Однажды появилась бригада рабочих, присланная Управлением общественных работ заделывать на дороге колдобины. Грузовик привез чаны с гудроном и притащил на двухколесном прицепе специальную печь для разогрева массы. Разожженная печь шумела и ревела. Рабочие приподнимали над дымящимся асфальтом трамбовки на длинных рукоятях и били ими оземь. На одном из рабочих был костюм-тройка в тонкую полоску и серая мягкая шляпа. Он был одет точь-в-точь как мой отец. Правда, костюм был измят и грязен, а узел галстука приспущен — рабочему было жарко. Шляпа сдвинута на затылок. Я встревожился. Другое дело еще, если бы он был босс — мелькнула такая надежда, — но босс сидел в кабине грузовика и читал газету.

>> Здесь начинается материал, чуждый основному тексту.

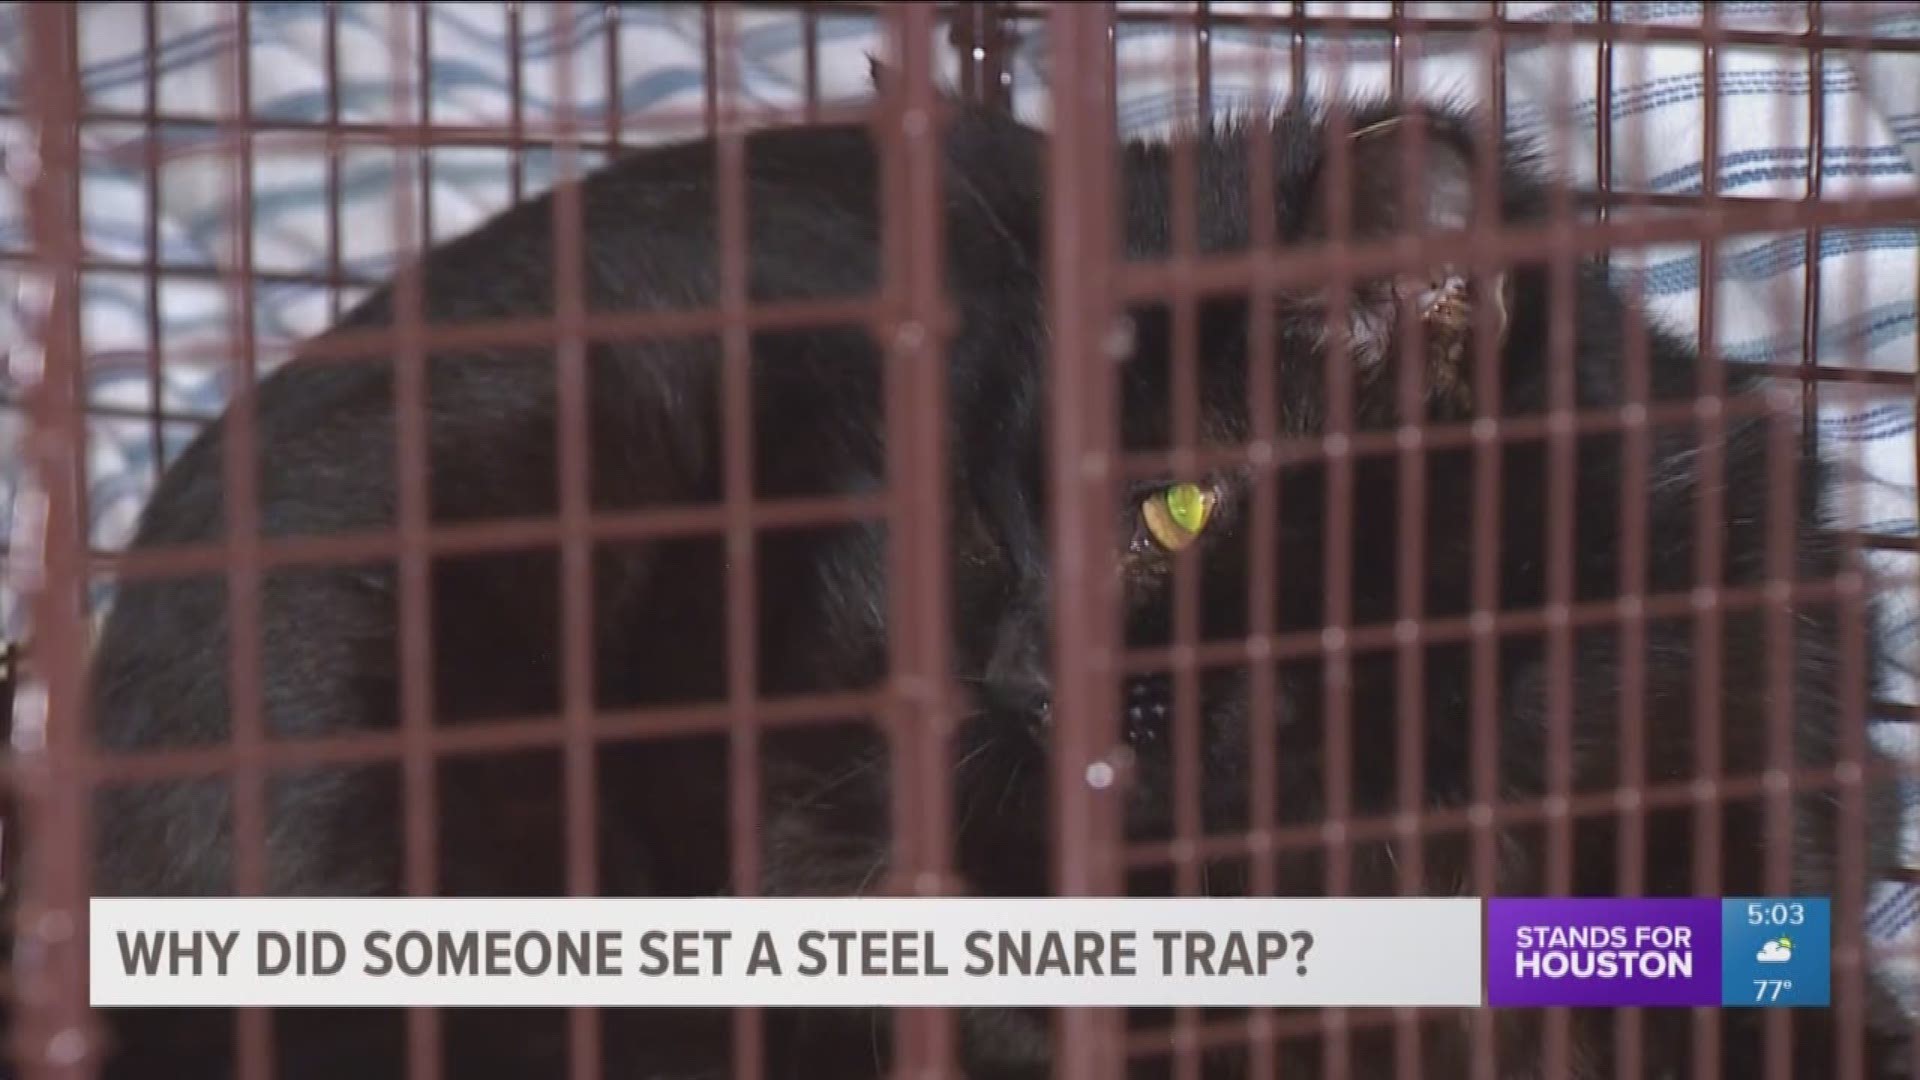 Members of a local animal rescue group are outraged after a cat was found caught in a steel snare trap in the Heights. The Friends For Life rescue organization saved the cat but they want to know who set the "inhumane" trap.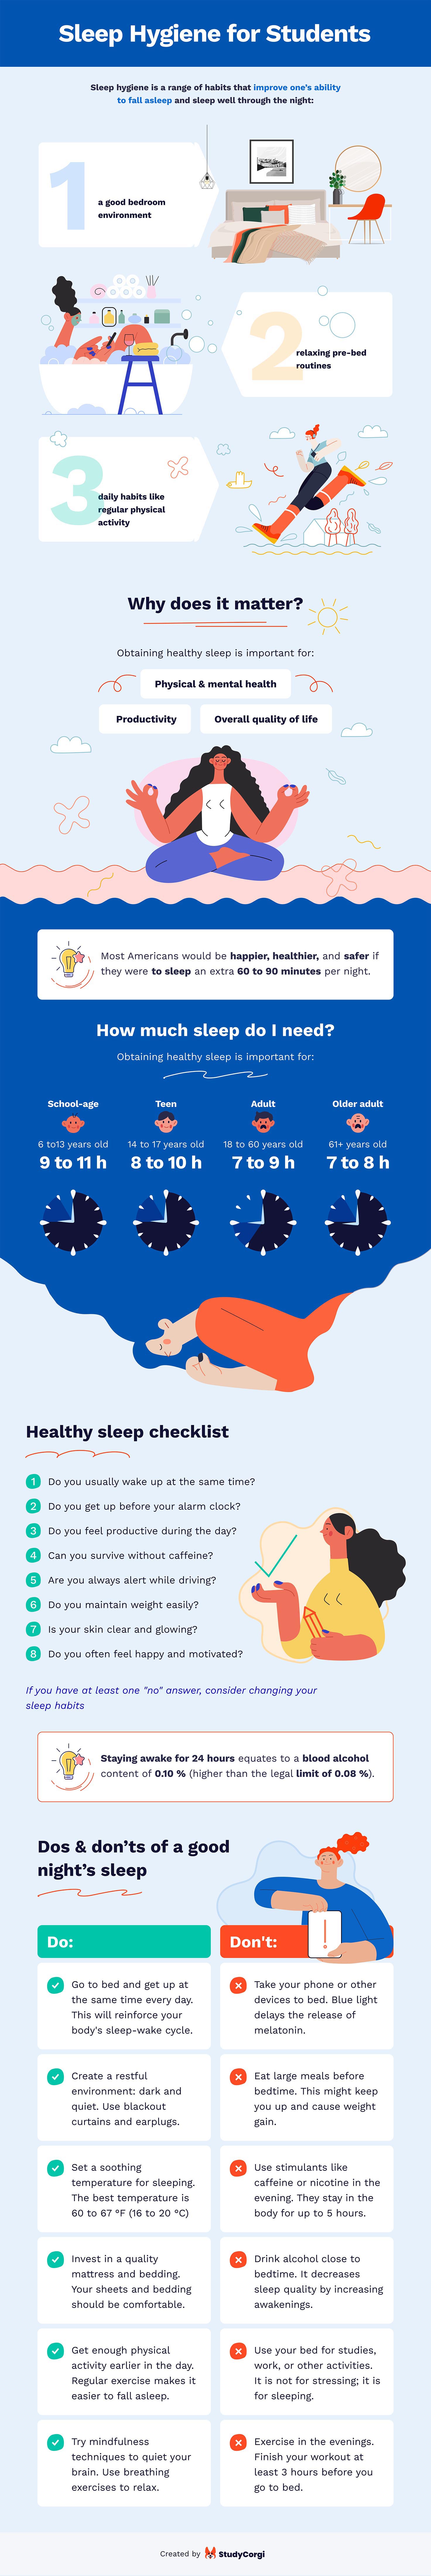 The infographic explains what sleep hygiene is and lists the tips for good sleeping habits.

Когда работу кончили, этот человек в костюме перекинул свою трамбовку на длинной рукояти через плечо, как все другие, и побрел по улице вслед за грузовиком, который медленно ехал к следующей колдобине.


На исходе каждой весны в парке «Клермонт» — или, по-нашему, в «большом парке» — парковое управление развертывало передвижную сельскохозяйственную выставку. Сама очень ею заинтересовавшись, моя мать однажды сводила меня туда. Мы перешли авеню Маунт-Иден, пересекли «Овал», опять перешли уже другую ветвь авеню Маунт-Иден и оказались у подножия парковой подпорной стенки, сложенной из округлых камней. Взбежали по каменным ступеням. Перед нами лежал огромный замечательный парк с газонами, игровыми площадками и тенистыми аллеями. Здесь было прохладнее, чем на улице. На лужайках среди деревьев располагались палатки и грузовики передвижной выставки. Никаких ворот, никакой загородки. Вдруг мы очутились среди овец с их ягнятами, коров и телят, лошадей со своими жеребятами, и все они кротко и терпеливо подставляли бока прикосновениям городских ребятишек. И редко-редко когда блеянием или ржаньем давали понять, что предпочли бы иное пастбище. Правда, гуси и утки, с гоготом и кряканьем мельтешащие там и сям и панически хлопающие подрезанными крыльями, близко нас не подпускали, что казалось мне совершенно естественным — признаком их разумности, так сказать. Меня подозвали, предложили подержать кролика, я не преминул. Животные были теплыми. Я погладил жеребенка по крупу, но слишком слабо, и его шкура передернулась, словно я был мухой. В деревянном загончике размером с песочницу волнисто переливались пищащие цыплята, словно ярко-желтый флаг солнца трепетал над землей. В загоны к животным было набросано сено; я вдыхал запах сена, запах навоза, и это не было неприятно: мощный массив запахов как бы побуждал к постижению жизни в большем, чем прежде мыслилось, объеме. Улыбчивые загорелые молодые женщины в легких зеленых платьях о чем-то рассказывали со ступенек трейлеров. С ведома и благословения матерей ребятишкам предлагалось потолкаться среди животных, в самой их плодородной гуще, порадоваться их подлинности; и я действительно радовался от души.

Но самые лучшие, самые захватывающие весенние вылазки устраивал отец, большой непоседа, все время стремившийся куда-то вдаль. Вообще-то он обычно по воскресеньям навещал своих родителей — моих дедушку и бабушку, живших севернее Кингсбридж-роуд на Большой Магистрали. Но в это время года от полноты и радости бытия он был просто неспособен делать что-либо обыденное. И вот однажды в воскресенье мы отправились на теннисные корты на угол авеню Морриса и 167-й улицы — будь здоров, между прочим, прогулочка, — и там отец. играл в теннис сперва с матерью, перестукиваясь белым мячиком туда-сюда через сетку, а потом с Дональдом, которого он учил ударам открытой и закрытой ракеткой.

— Вот так, — повторял он. — Вот так. Хорошо. Так и действуй.

Я был еще слишком мал, чтобы управляться с ракеткой одной рукой. Когда пришла моя очередь, я принялся шуровать ею, словно это бейсбольная бита. Долго предаваться этому занятию я не собирался: вдруг, думаю, забью мяч на чужой корт, кому-нибудь игру испорчу!

— Об этом можешь не волноваться, — успокоил меня отец.

Тут я подумал: как он все же здорово смотрится в белых штанах и рубашке, в теннисных туфлях, как сверкают его глаза, когда он делает ракеткой то так, то этак, отражая мяч. Казалось, у него все получается вовсе без усилий, и всегда он там, куда летит мяч.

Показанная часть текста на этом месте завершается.